The Root of the Matter: Approximating Roots with the Greeks -

The Root of the Matter: Approximating Roots with the Greeks

​

 

[Deleted member 4993]

I'm having a hard time understanding in layman terms, how to make sense of "Multiplying a number by itself decimal-number of times". What does that even mean?

If we have ........................ A * B/C ................................ (assume B and C are integers)

and if A * B = D (another integer), then,

A * B/C = (A * B)/C = D/C

So if you have the number say (2/3), which you want to multiply by itself, then

(2/3) * (2/3) = (2*2)/(3*3) = 4/9

 

[Deleted member 4993]

but if a calculator doesn't have a square or power button, is it still possible?

If your calculator has a "log" and/or "ln" button, you can convert the "root" problem to a "multiplication/division" problem and continue.
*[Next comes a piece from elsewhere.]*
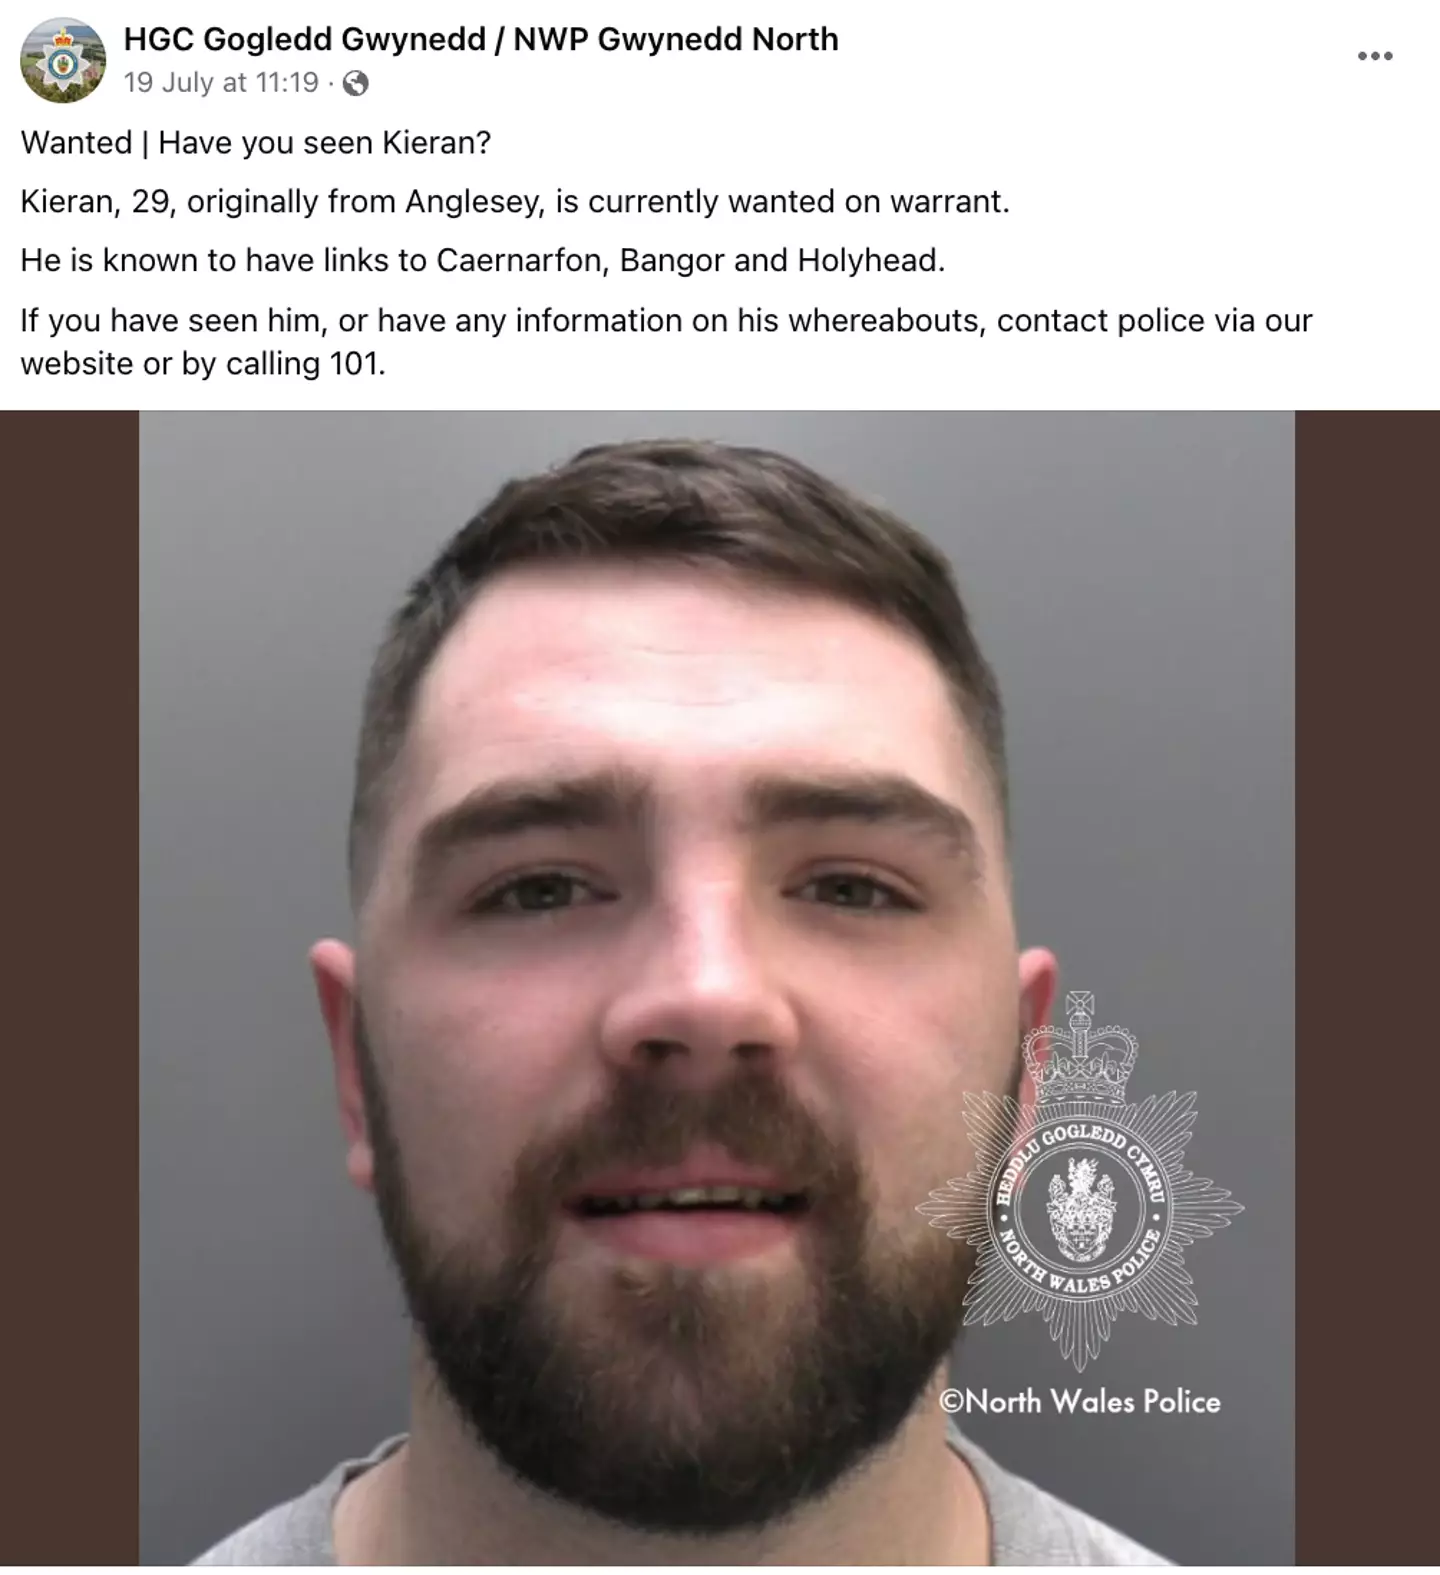 Police in North Wales launched an appeal.

But that is NOT basic arithmetic.

Easiest thing to do would be to buy a new calculator with a [x^y] button.

 

[Apple30]

If we have ........................ A * B/C ................................ (assume B and C are integers)
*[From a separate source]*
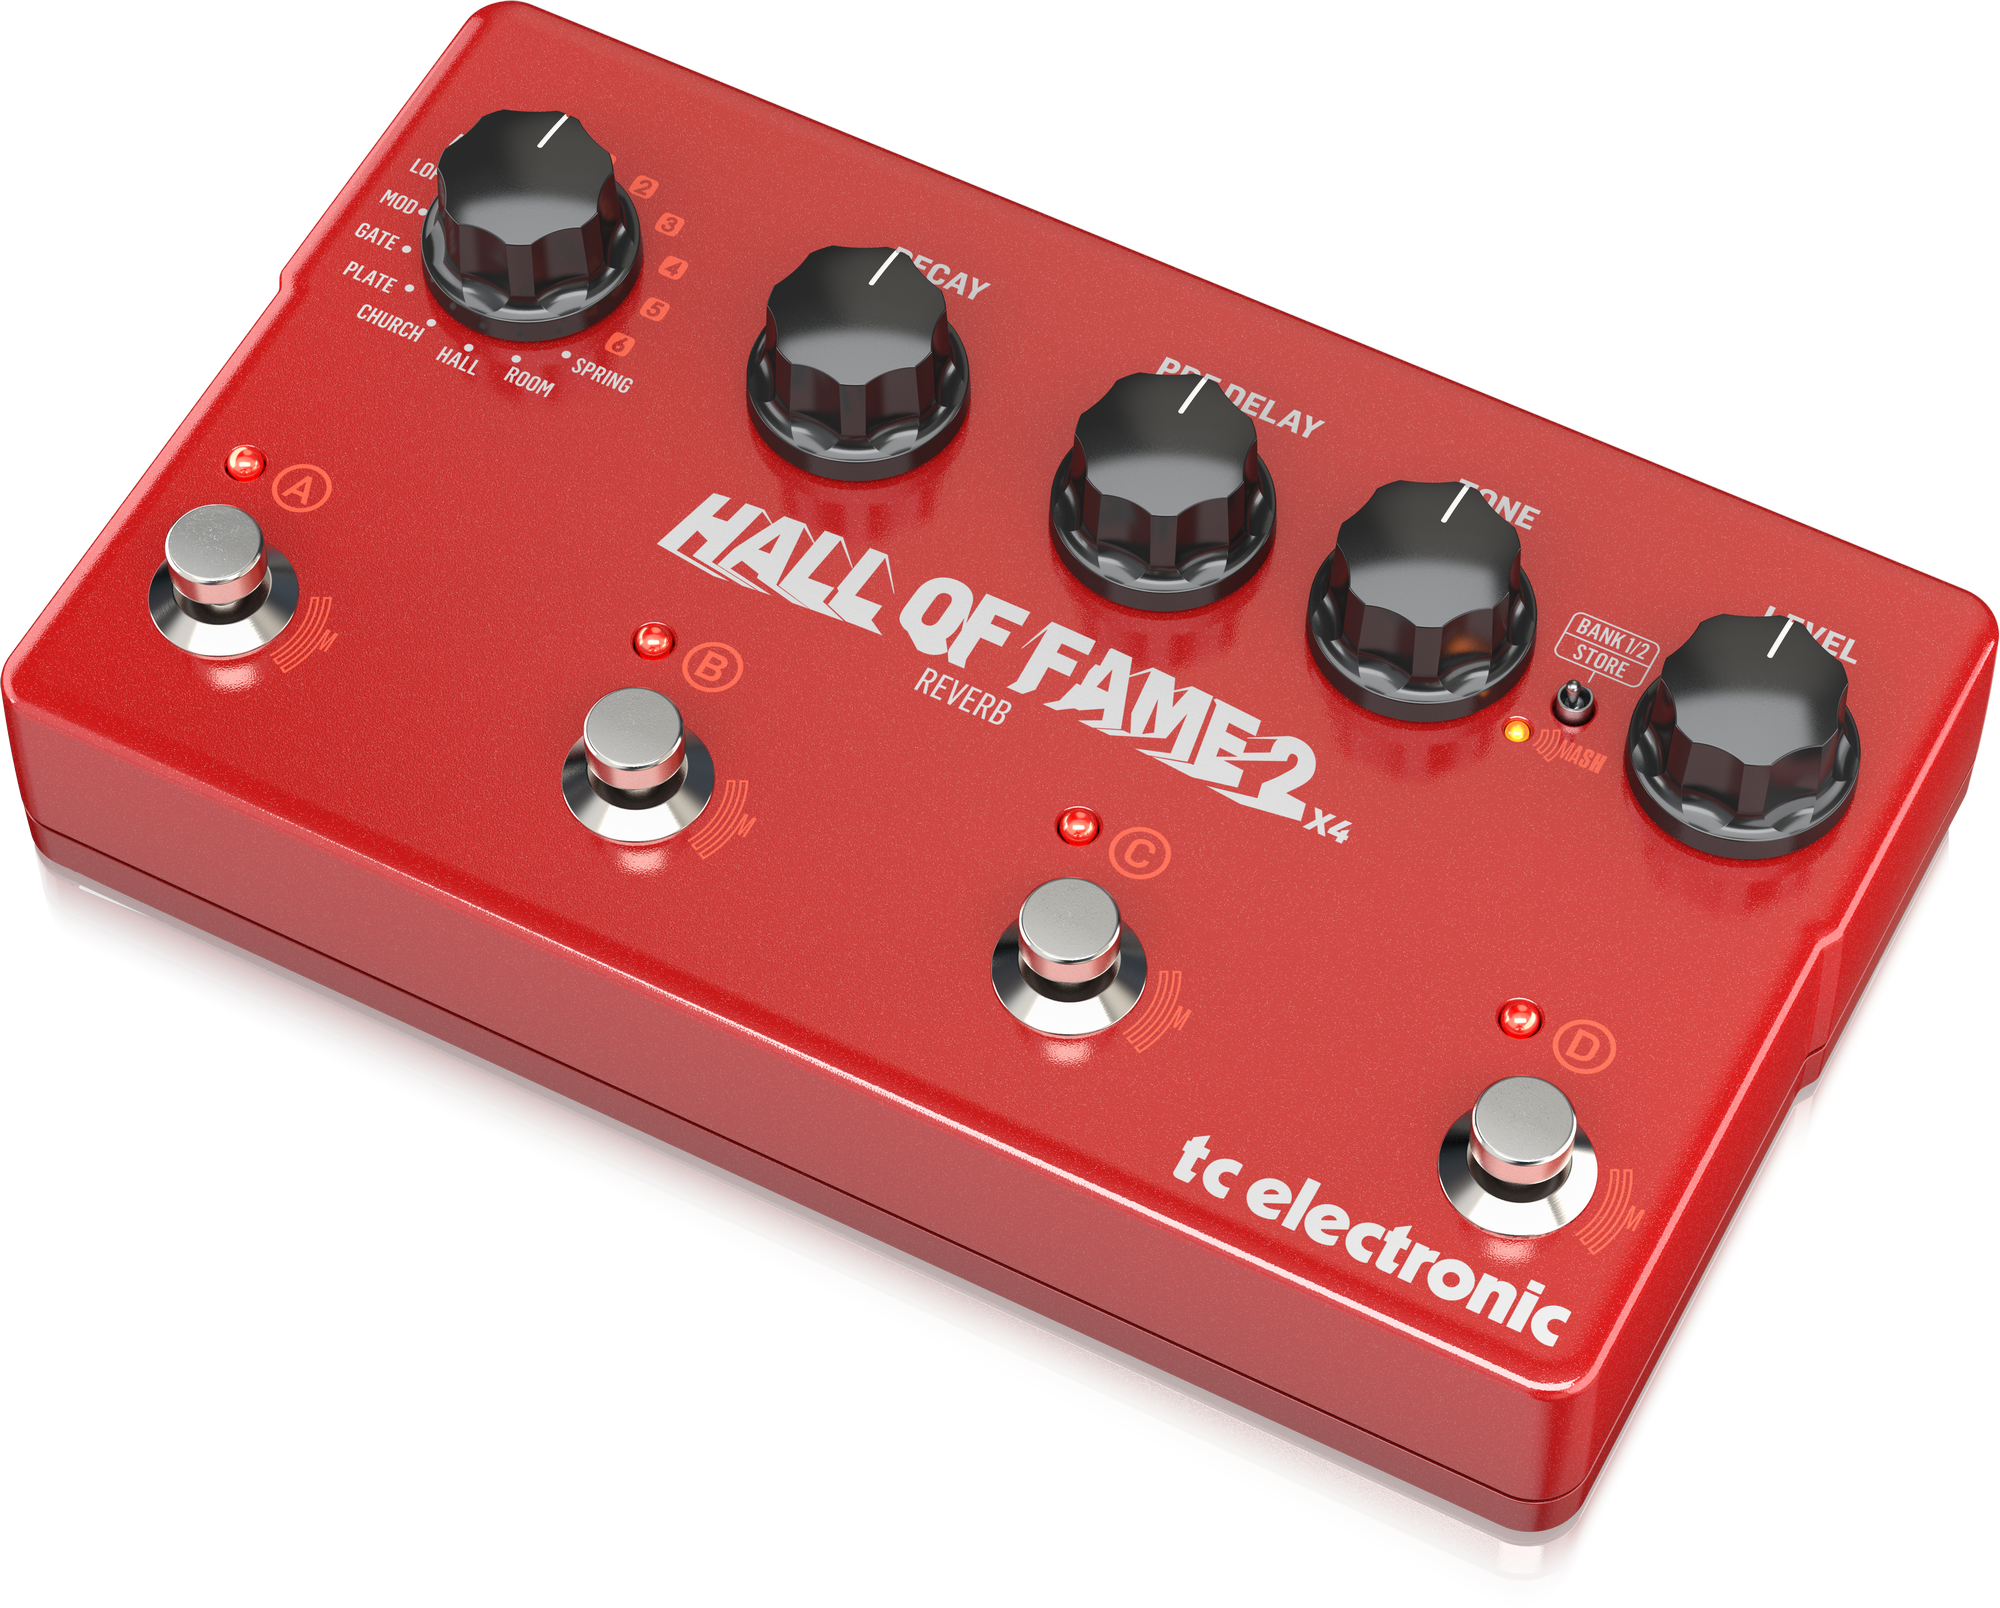 TC Electronic Hall Of Fame 2 X4 Reverb  Acclaimed Reverb Pedal Expanded with 4 MASH Switches, Shimmer Reverb and 8 Reverb Presets, TC ELECTRONIC, EFFECTS, tc-electronic-effects-tc-hall-of-fame-2-x4-reverb, ZOSO MUSIC SDN BHD

and if A * B = D (another integer), then,

A * B/C = (A * B)/C = D/C

So if you have the number say (2/3), which you want to multiply by itself, then

(2/3) * (2/3) = (2*2)/(3*3) = 4/9

Thanks for your kind replies. I don't think you quite understood my point. I was talking about things like 2^3 being described like "Multiply 2 by itself three times". So, if we wanted to find the cubic root of 8, it would be 8^(1/3) which would be equivalent to saying "Multiply 8 by itself 0.3333 times". That's the part I didn't get. How can you multiply 8 by itself 0.3333 times?

 

[BigBeachBanana]

Can someone break this down for me, in layman terms and basic arithmetic?

Bisecting Method:
Say you want to approximate [imath]\sqrt{10}[/imath], and you know that [imath]\sqrt{10}\cdot \sqrt{10}=10[/imath]. Find a number times itself is close to 10.
Start the bisection between 0 and 10 i.e. 5, so 5*5=25 is too high.
Bisect again so 2.5*2.5= 6.25 is too low
Bisect again 3.75*3.75=14.0625 is still high
Continue the process until you get to your toleratable accuracy.

 

[JeffM]

I dislike intensely the explanation of powers as multiplying a number by itself n times.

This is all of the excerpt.